§ **How to complete this task**
Go through the data below and repeat it exactly, skipping each picture.

§ **Source material**
+ + + +
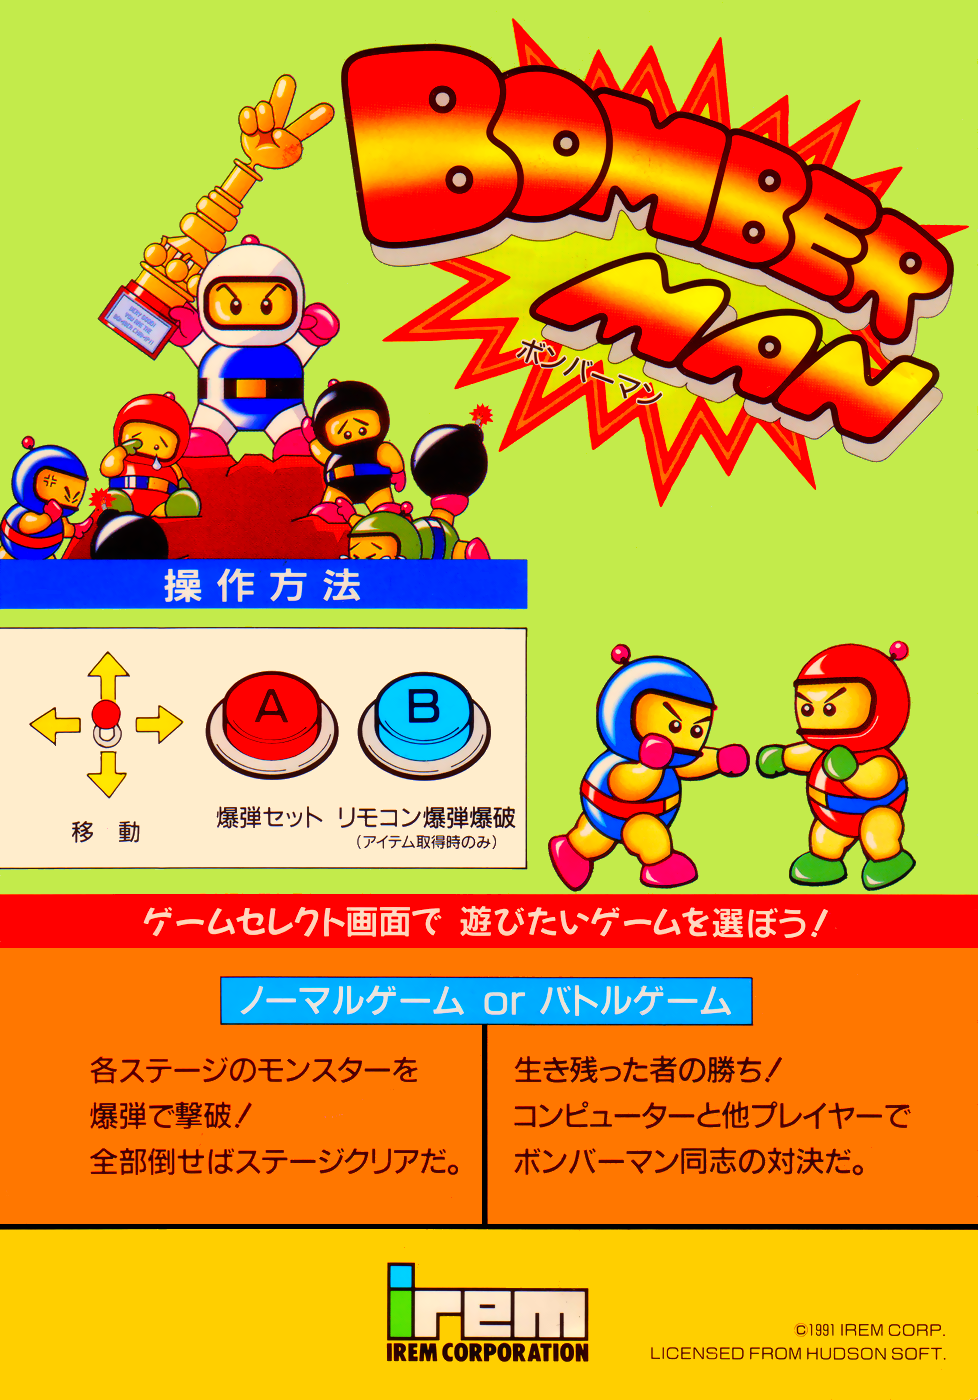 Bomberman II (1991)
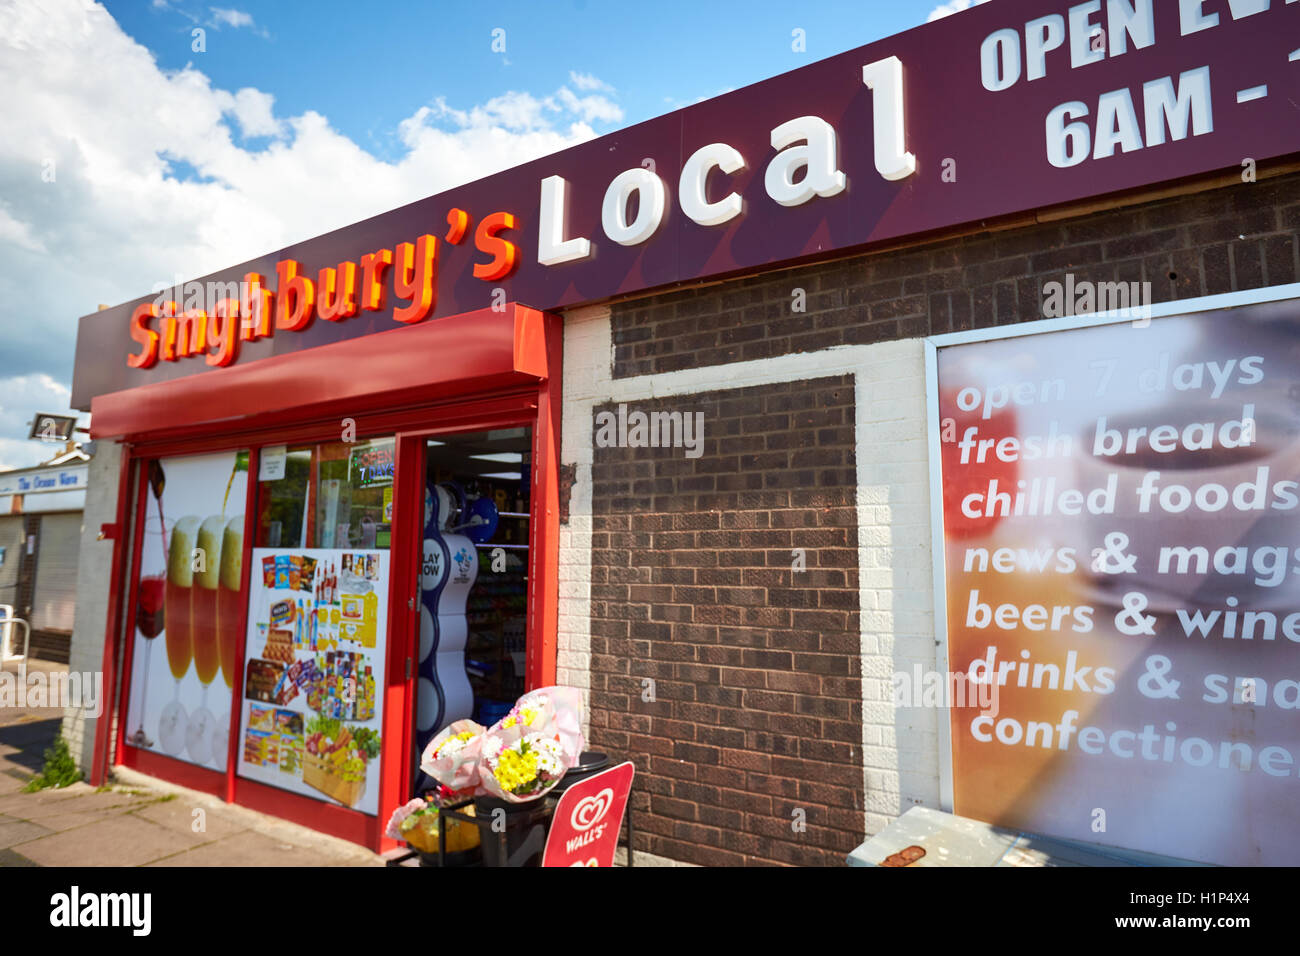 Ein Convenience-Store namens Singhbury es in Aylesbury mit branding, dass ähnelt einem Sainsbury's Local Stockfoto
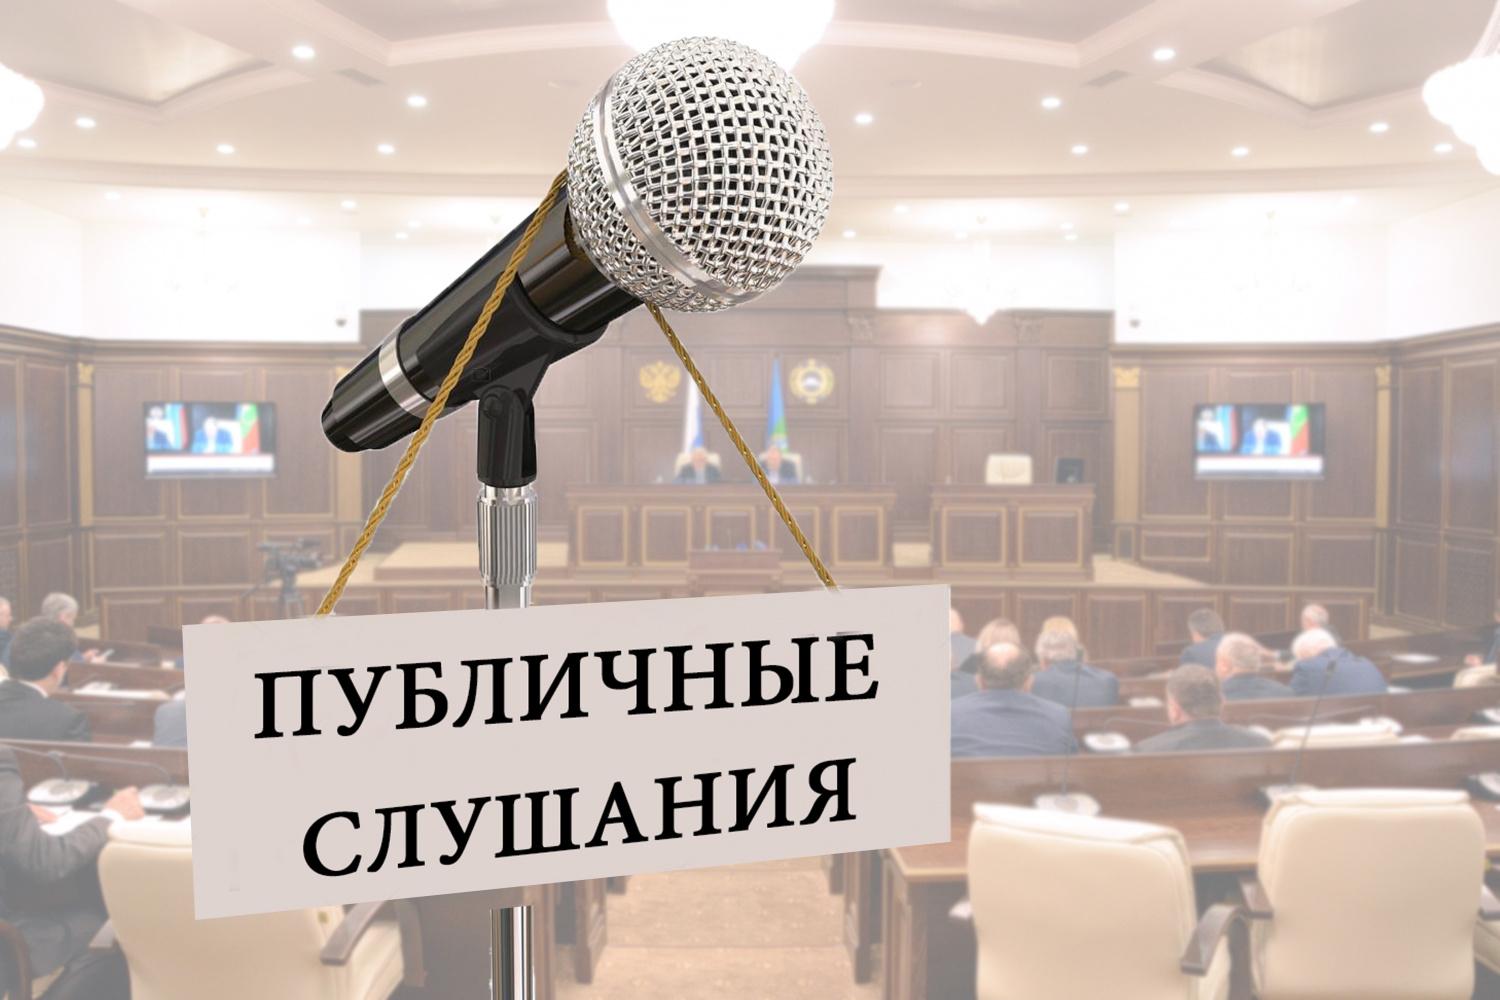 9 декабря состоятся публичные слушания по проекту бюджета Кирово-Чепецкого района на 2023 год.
+ + + +
§ **Solution for this problem**
 Bomberman II (1991)
 Ein Convenience-Store namens Singhbury es in Aylesbury mit branding, dass ähnelt einem Sainsbury's Local Stockfoto
 9 декабря состоятся публичные слушания по проекту бюджета Кирово-Чепецкого района на 2023 год.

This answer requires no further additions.